EXERCISE: From top to bottom, retype the data exactly, passing over any picture.

DATA BLOCK:
--- --- ---

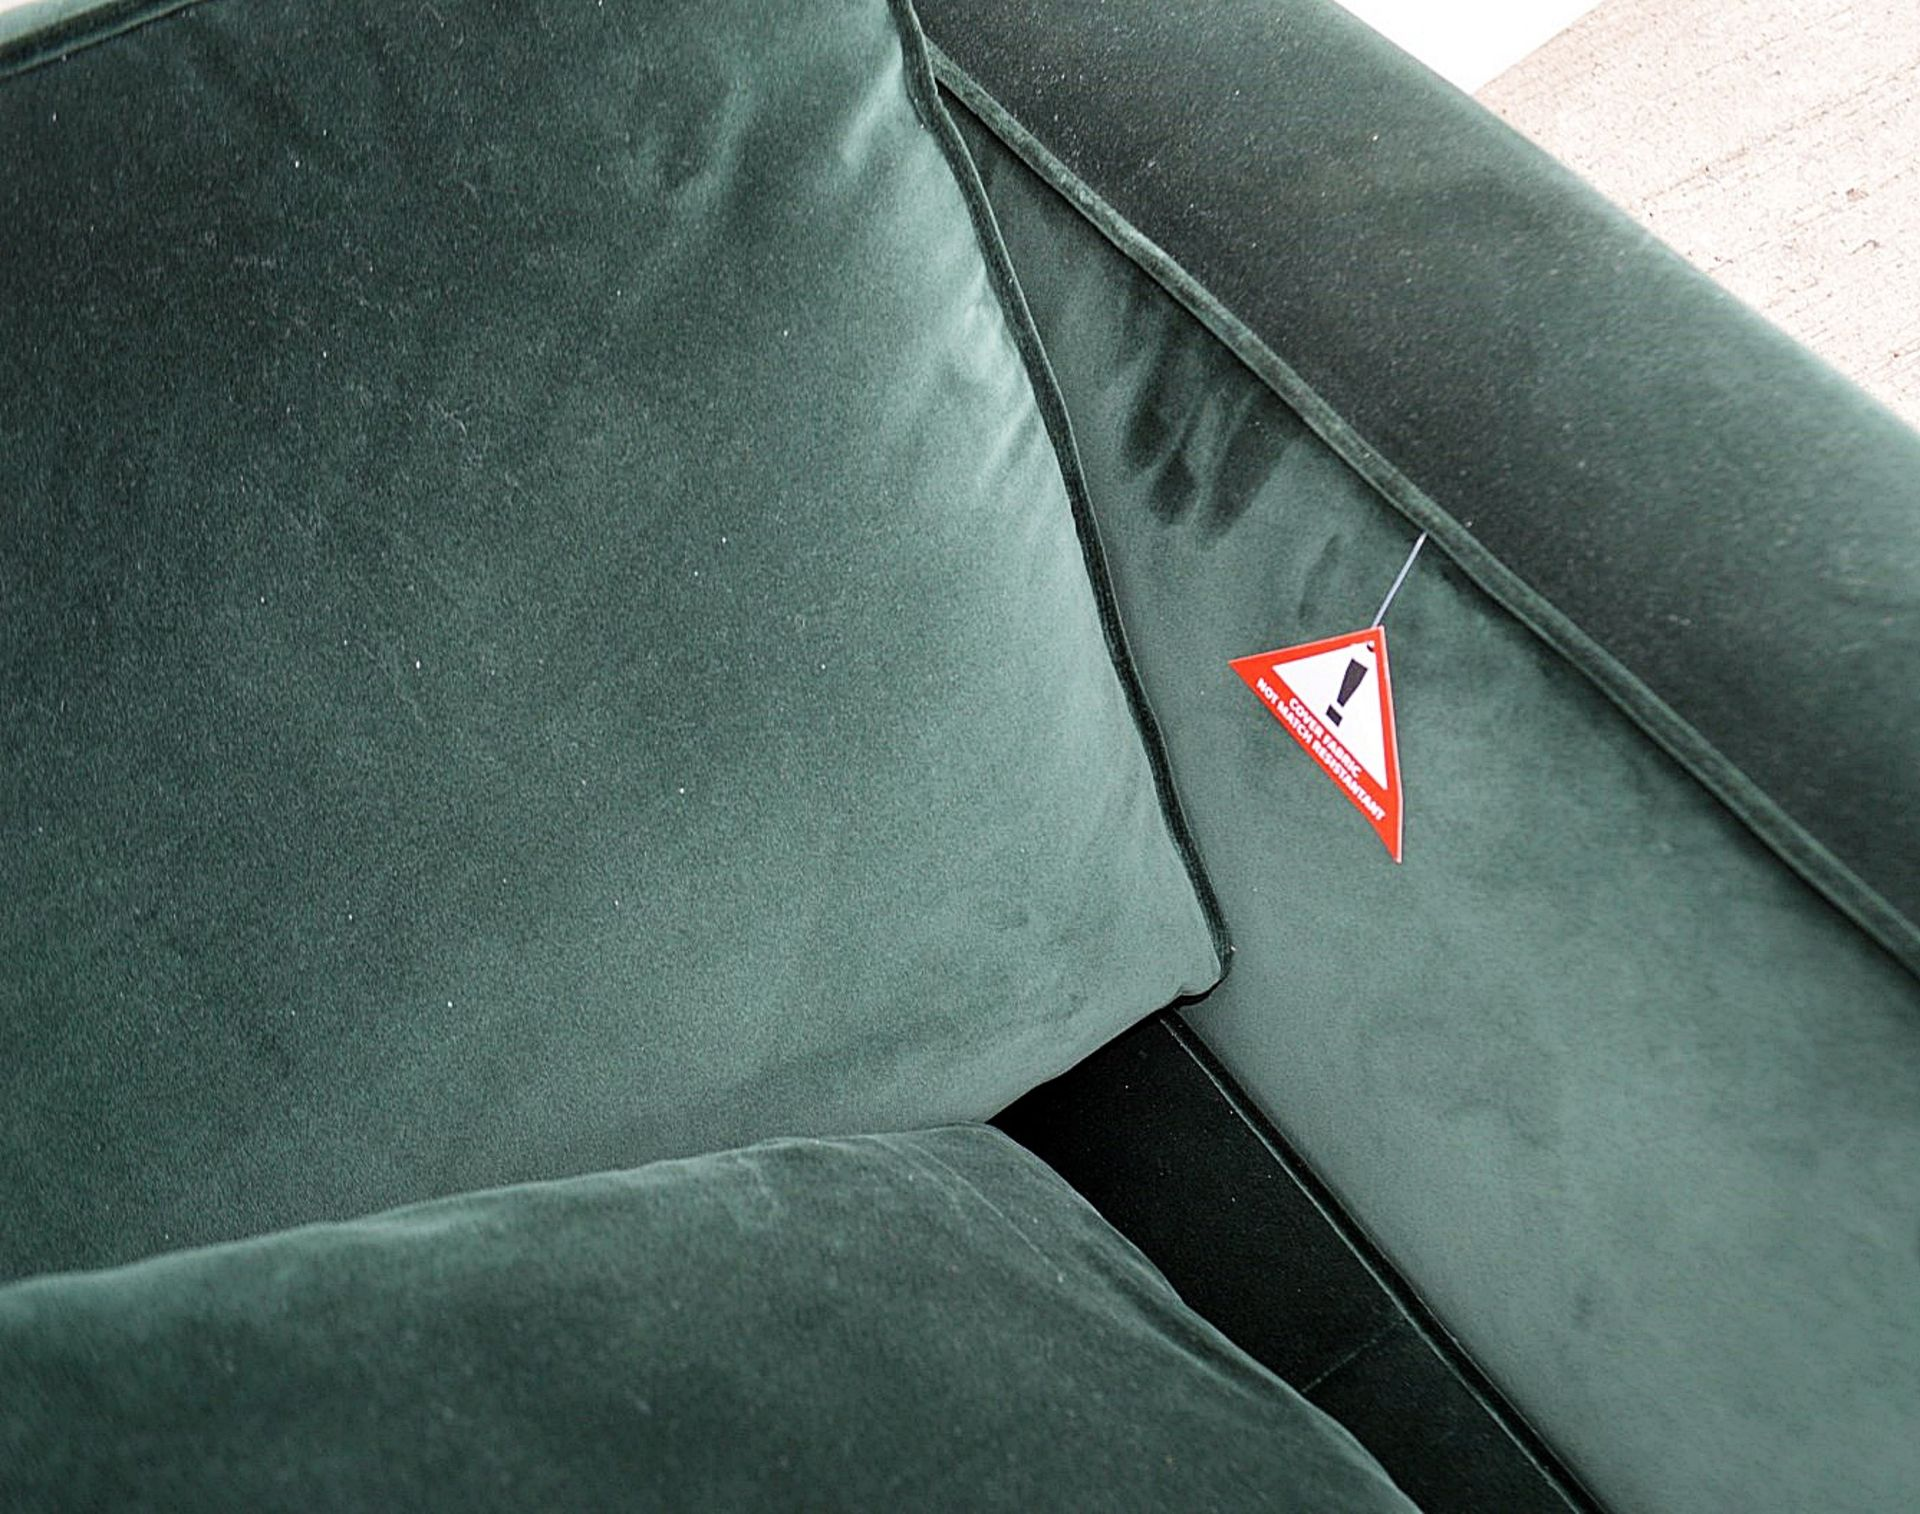 2 x B&B Italia MAXALTO Luxury Sofa Sections Both Upholstered In Rich Dark Green Velvet - RRP £7,248 - Image 11 of 13
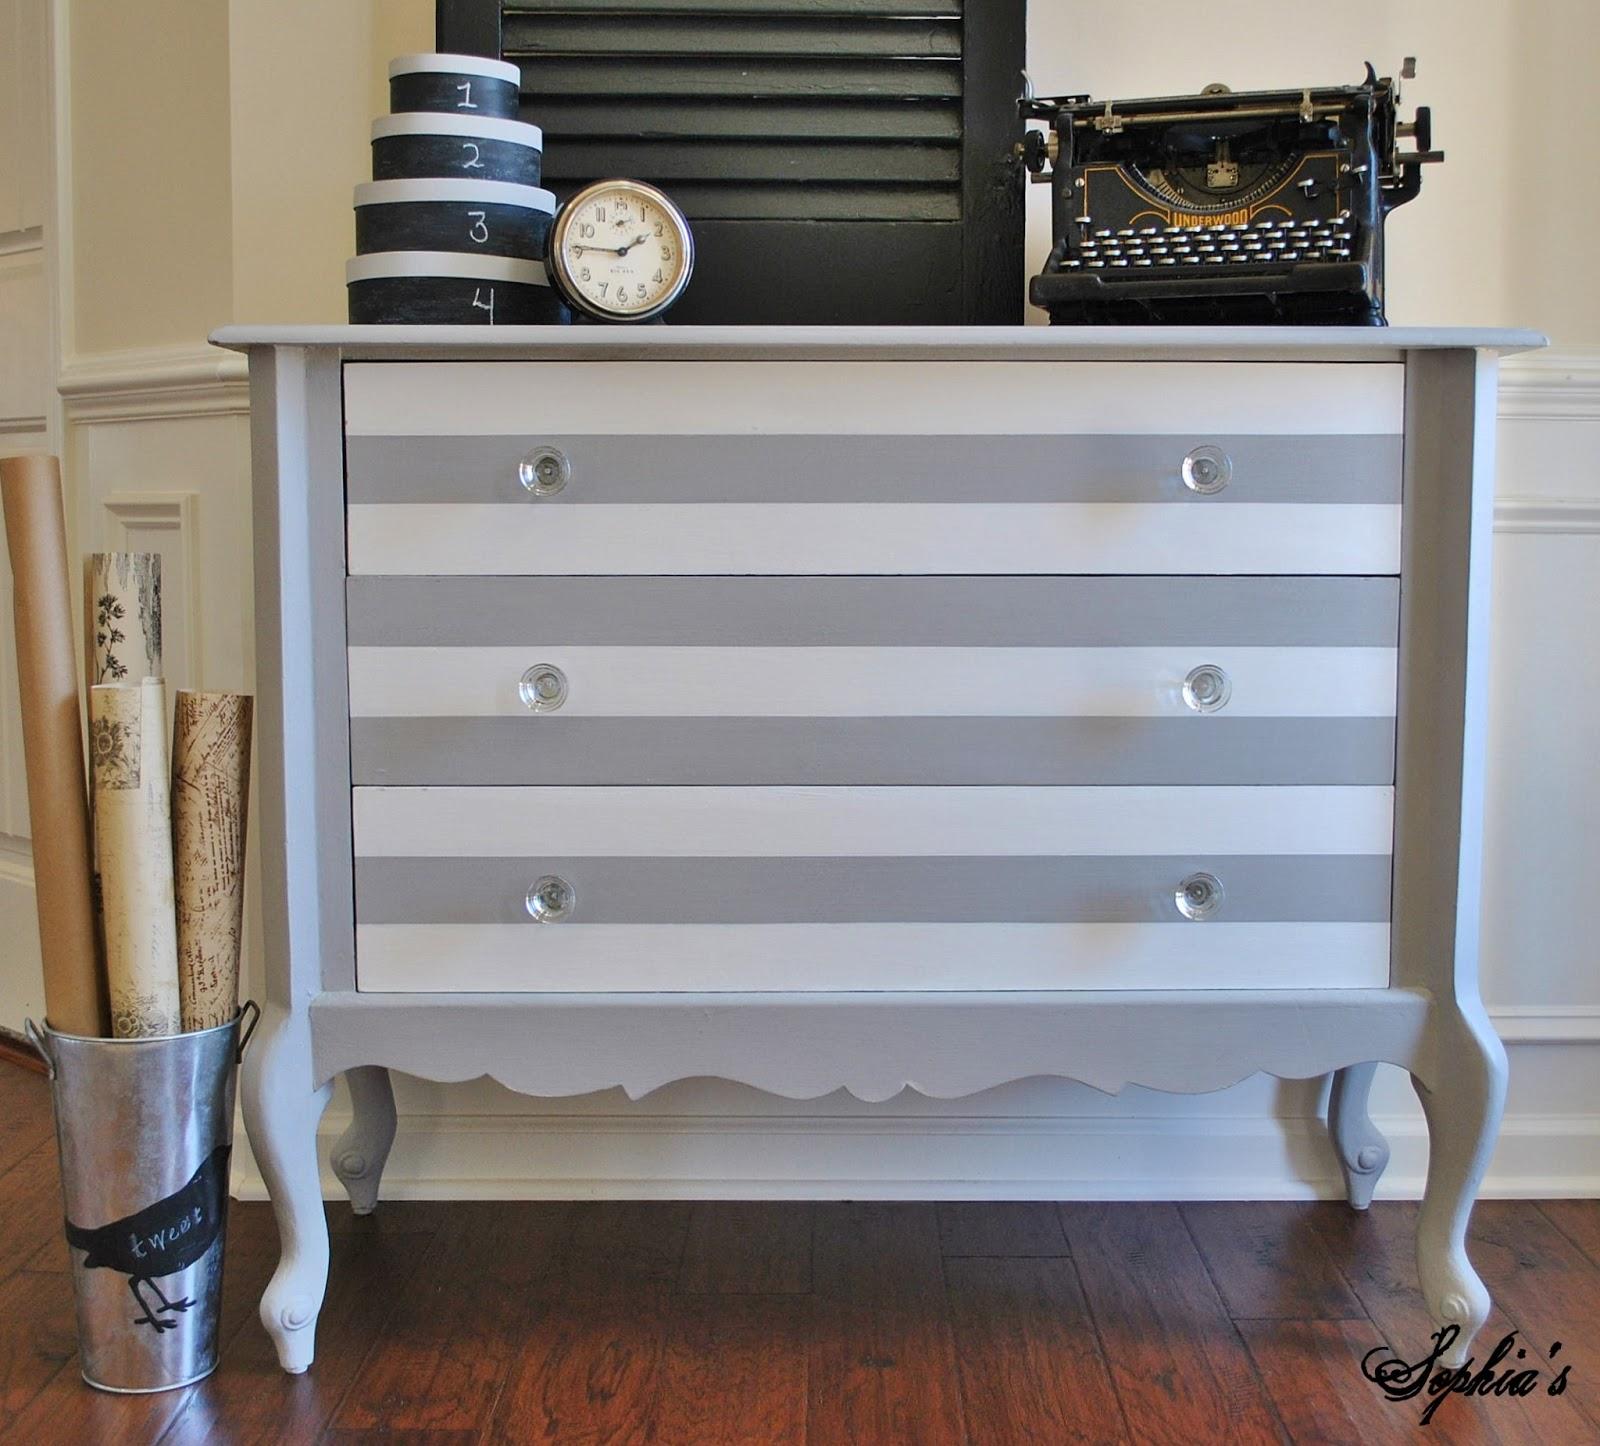 Famous Sophia's: Paris Grey & White Striped Dresser RO84
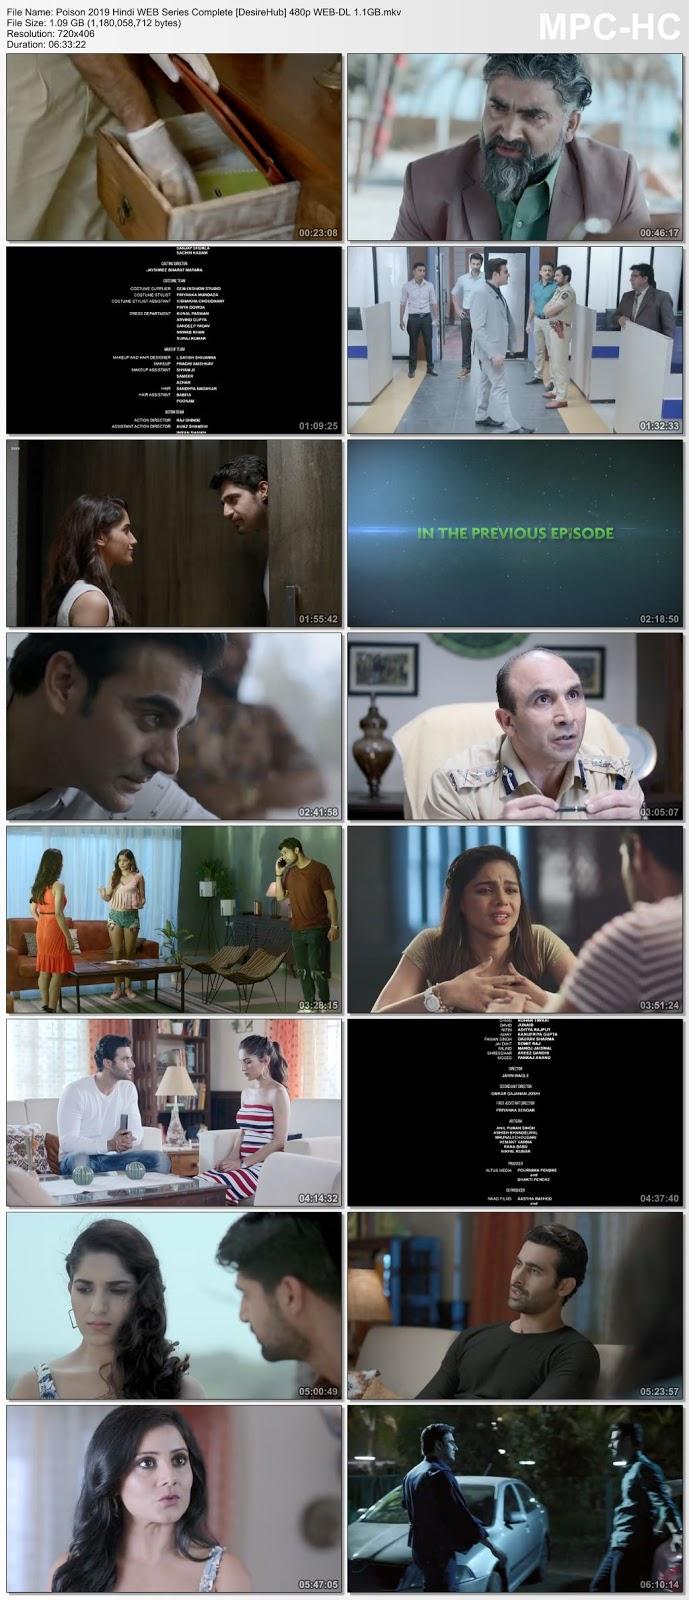 Poison 2019 Hindi WEB Series Complete 480p WEB-DL 1.1GB Desirehub
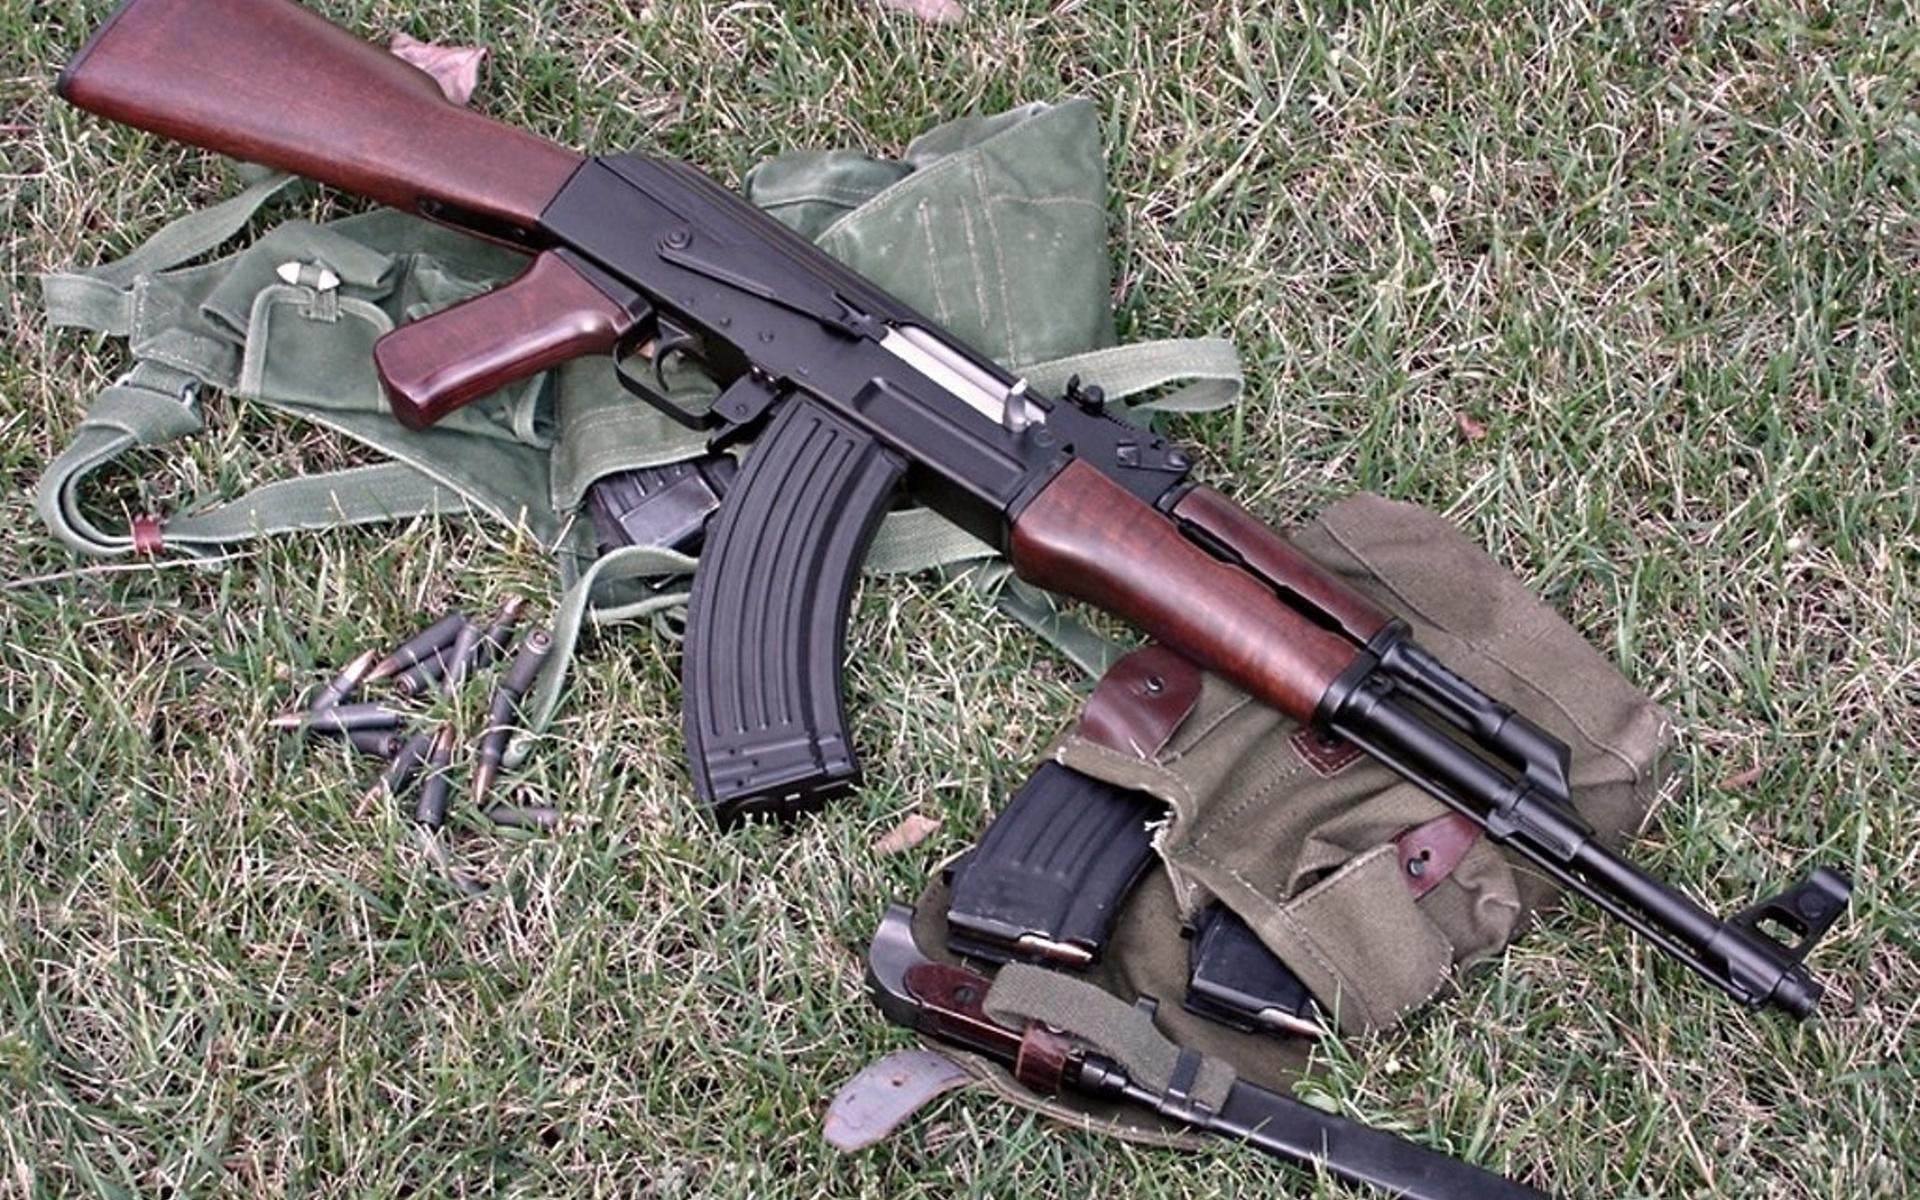 Akm Assault Rifle Full HD Wallpaper and Background Image ...

--- --- ---

RESULT BELOW:
 2 x B&B Italia MAXALTO Luxury Sofa Sections Both Upholstered In Rich Dark Green Velvet - RRP £7,248 - Image 11 of 13
 Famous Sophia's: Paris Grey & White Striped Dresser RO84
 Poison 2019 Hindi WEB Series Complete 480p WEB-DL 1.1GB Desirehub
 Akm Assault Rifle Full HD Wallpaper and Background Image ...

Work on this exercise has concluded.